Kuşadası Belediyesi halk sağlığıyla oynayanları affetmiyor
18 Kasım 2025 Salı - 09:38 Kuşadası Belediyesi halk sağlığıyla oynayanları affetmiyor Kuşadası Belediyesi, Başkan Ömer Günel’in talimatı doğrultusunda, kent genelinde sokak lezzetleri satışı yapan işletmelere yönelik denetimlerine devam ediyor. Zabıta Müdürlüğü ekipleri, İlçe Tarım ve Orman Müdürlüğü ile birlikte yaptıkları son denetimde hijyen ve saklama kurallarına uygun olmayan 28 kilogram gıda ürününü imha etti. Ekipler ayrıca 6 işletmeye de toplam 58 bin 351 lira para cezası kesti.
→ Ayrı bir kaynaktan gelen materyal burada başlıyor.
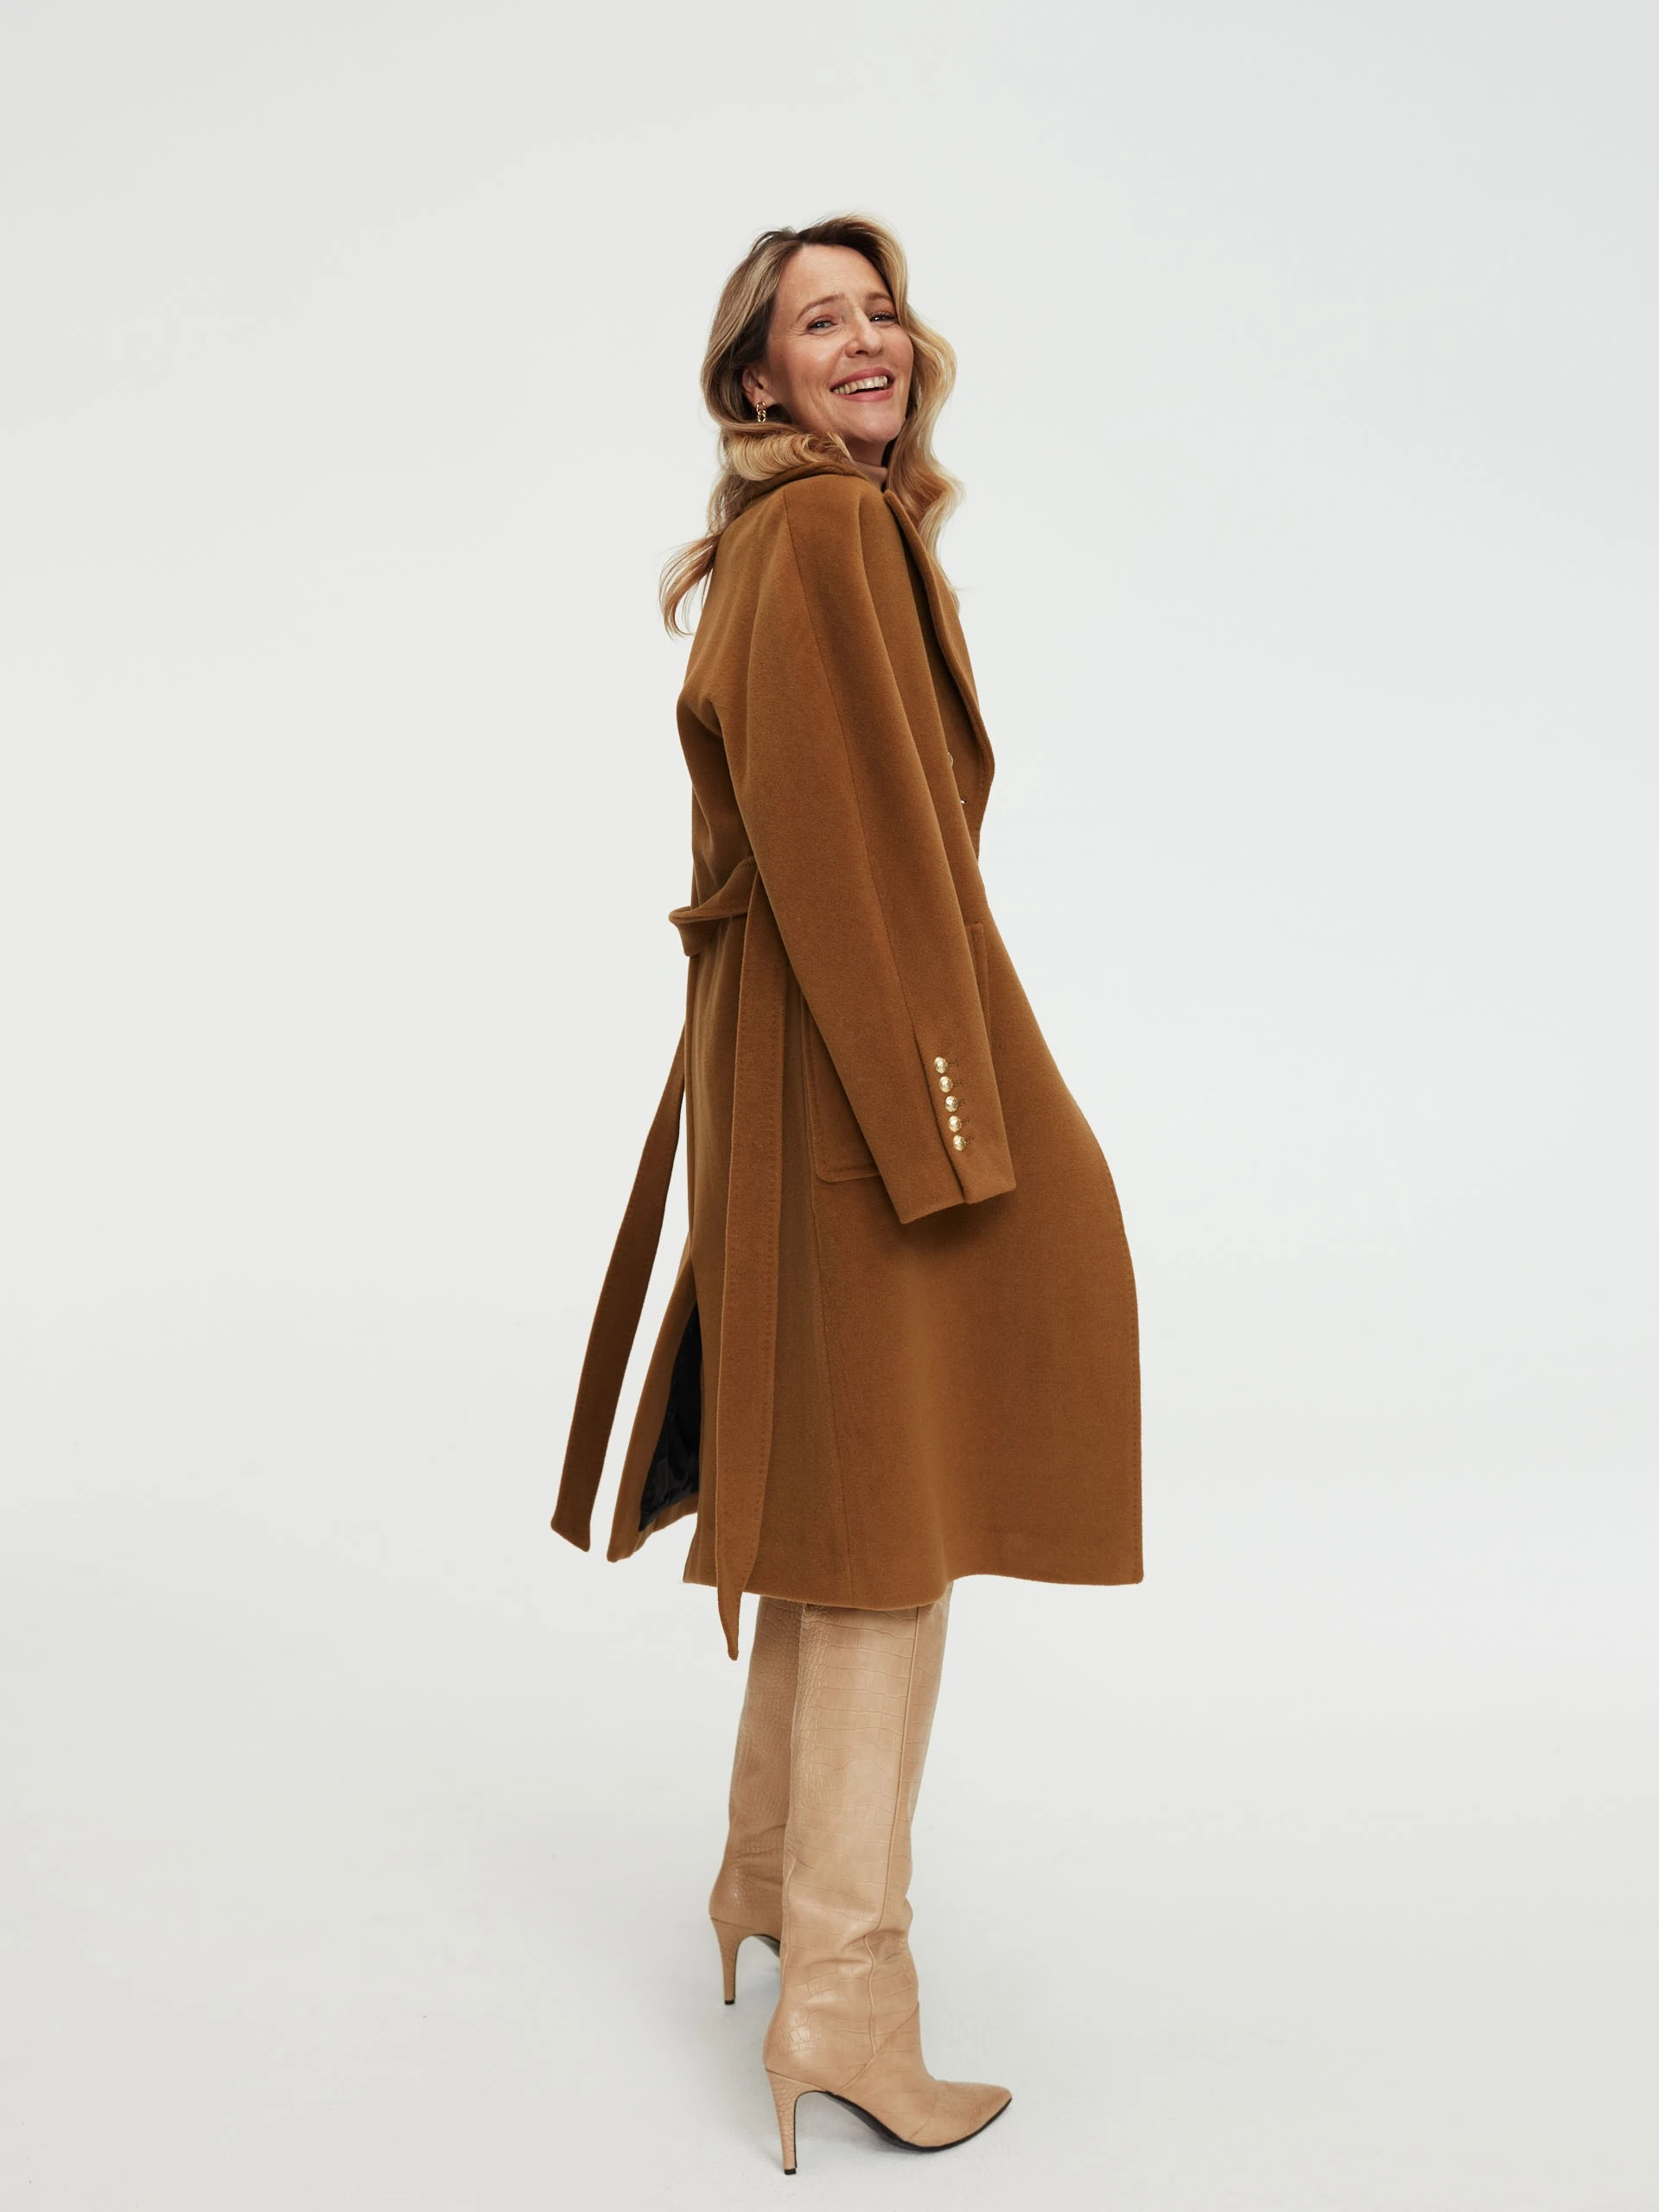 Carmel-colored wool coat

Kent sakinlerinin sağlıklı ve güvenli gıdaya ulaşabilmeleri için çalışmalarını aralıksız sürdüren Kuşadası Belediyesi, İstanbul’da gurbetçi bir ailenin gıda zehirlenmesi sonucu hayatını kaybetmesinin ardından sokak lezzetleri satışı yapan işletmelere yönelik denetimlerini sıklaştırdı. Bu kapsamda Kuşadası Belediyesi Zabıta Müdürlüğü Güvenli Gıda ve İş Yeri Hijyeni Denetim ekibi son olarak İlçe Tarım ve Orman Müdürlüğü ile birlikte kent merkezinde denetim yaptı. Kurallara uymayan işletmelere para cezası kesildi Denetimde, işletmelerin imalathane ve mutfak bölümlerinin hijyen kurallarına uygun olup olmadığına bakıldı. Ayrıca derin dondurucu ve soğuk hava depolarında bulunan hazır gıdaların son tüketim tarihleri ile paketlenme şekilleri kontrol edildi. Şartlara uygun bir biçimde saklanmayan 28,778 kilogram gıda ürünü imha edildi. Ekipler ayrıca Zabıta Müdürlüğü Yönetmeliği’nin 49 / M Fıkrası uyarınca da 6 işletmeye toplam 58 bin 351 lira para cezası kesti. Kuşadası Belediyesi yetkilileri denetimlerin artarak devam edeceğini belirtti.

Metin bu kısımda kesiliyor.